Having a reserve fund
July 13th, 2006 by KenricI forgot all about this because it happened while I was on vacation. I wanted to stress the need for investors to have a reserve fund for emergencies. Alot of investors are going no money down because they don’t have the funds for a downpayment. I always wonder how these investors who have no money for downpayments can afford vacancies or repairs.
Last week while on vacation I got a voicemail message from a tenant that the AC unit went out. Luckily I had cell coverage that day and was able to call the tenant to find out the problem. I had the tenant take care of the problem since I wasn’t in a position to call a bunch of AC vendors and schedule a repair. My tenant handled the whole thing, paid for it and I reimbursed her when I got back.

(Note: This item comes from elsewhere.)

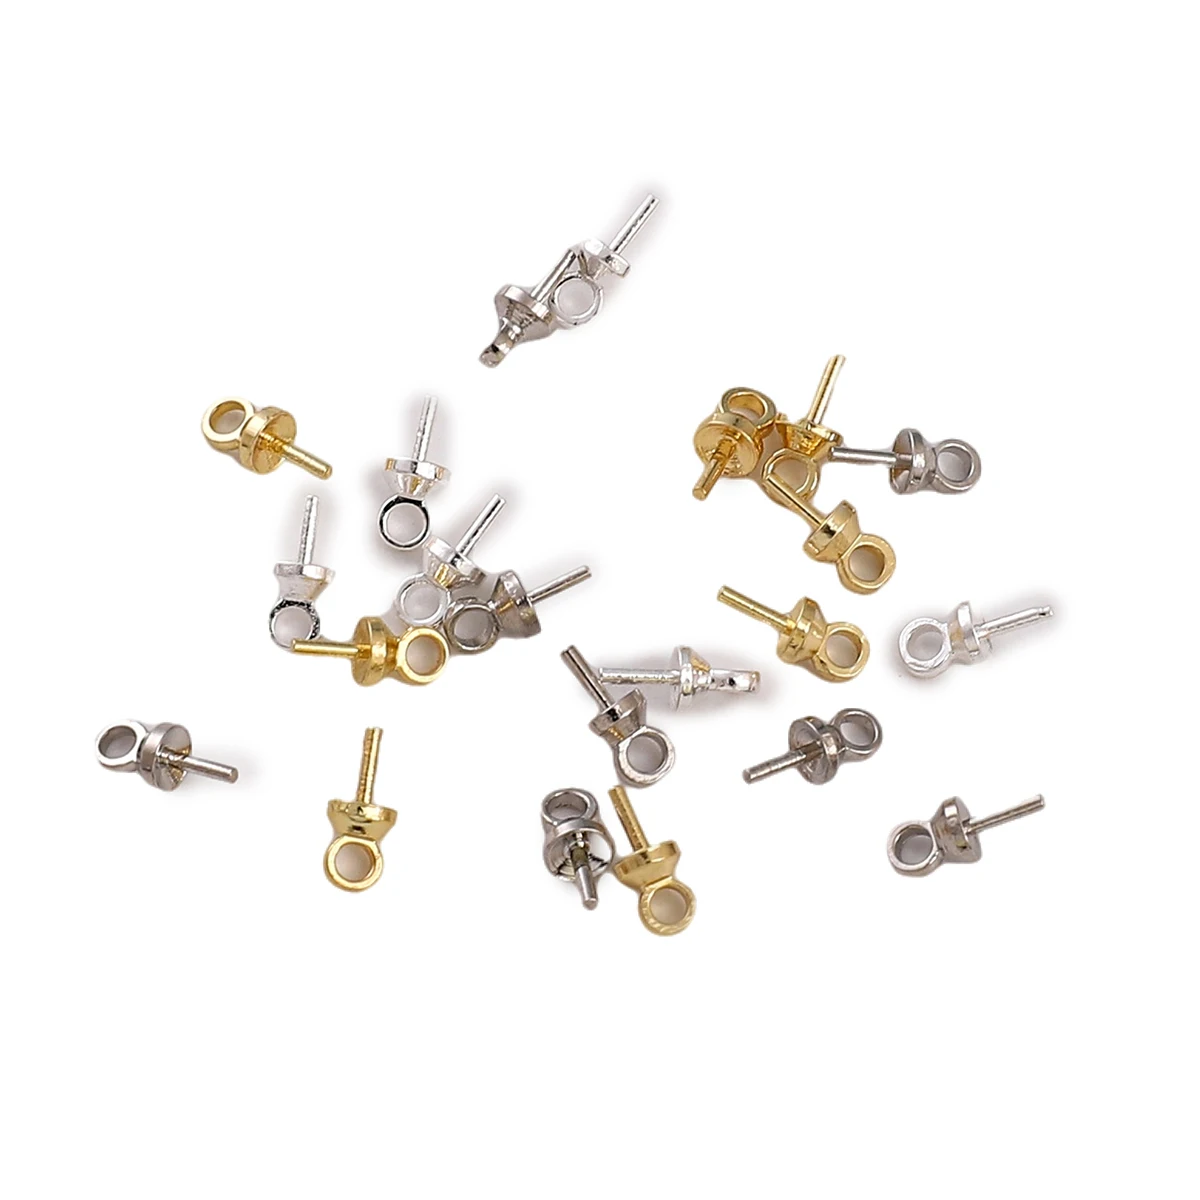 

10pcs 3x7mm Copper Charms Screw Eye Bails Beads End Caps Clasps Pins Connectors For DIY Pendant Jewelry Making Accessories

The cost of the repair was $590.
On the exact same day, I was checking my email on my cell phone and found out that SFH#2′s AC unit went out also. What are the odds. Luckily, this was new construction so I got the builder to go look at it and take care of it for free. But… what if this was another home? If it was any other home I would be paying for it out of pocket. I’m sure the repair bill would have been around $500.
That would have been $1,100 of unexpected costs to absorb on one day! Luckily I do keep alot in reserves for things like this. But as you start to accumulate properties, things like this happening become more and more probable.
With regards to cashflow, I can totally understand why many seasoned investors do not think +50, +100 or even +$200/mo is considered positive cashflow. If you get one unexpected repair your cashflow for the year is gone. One vacancy month and you are negative for the whole year.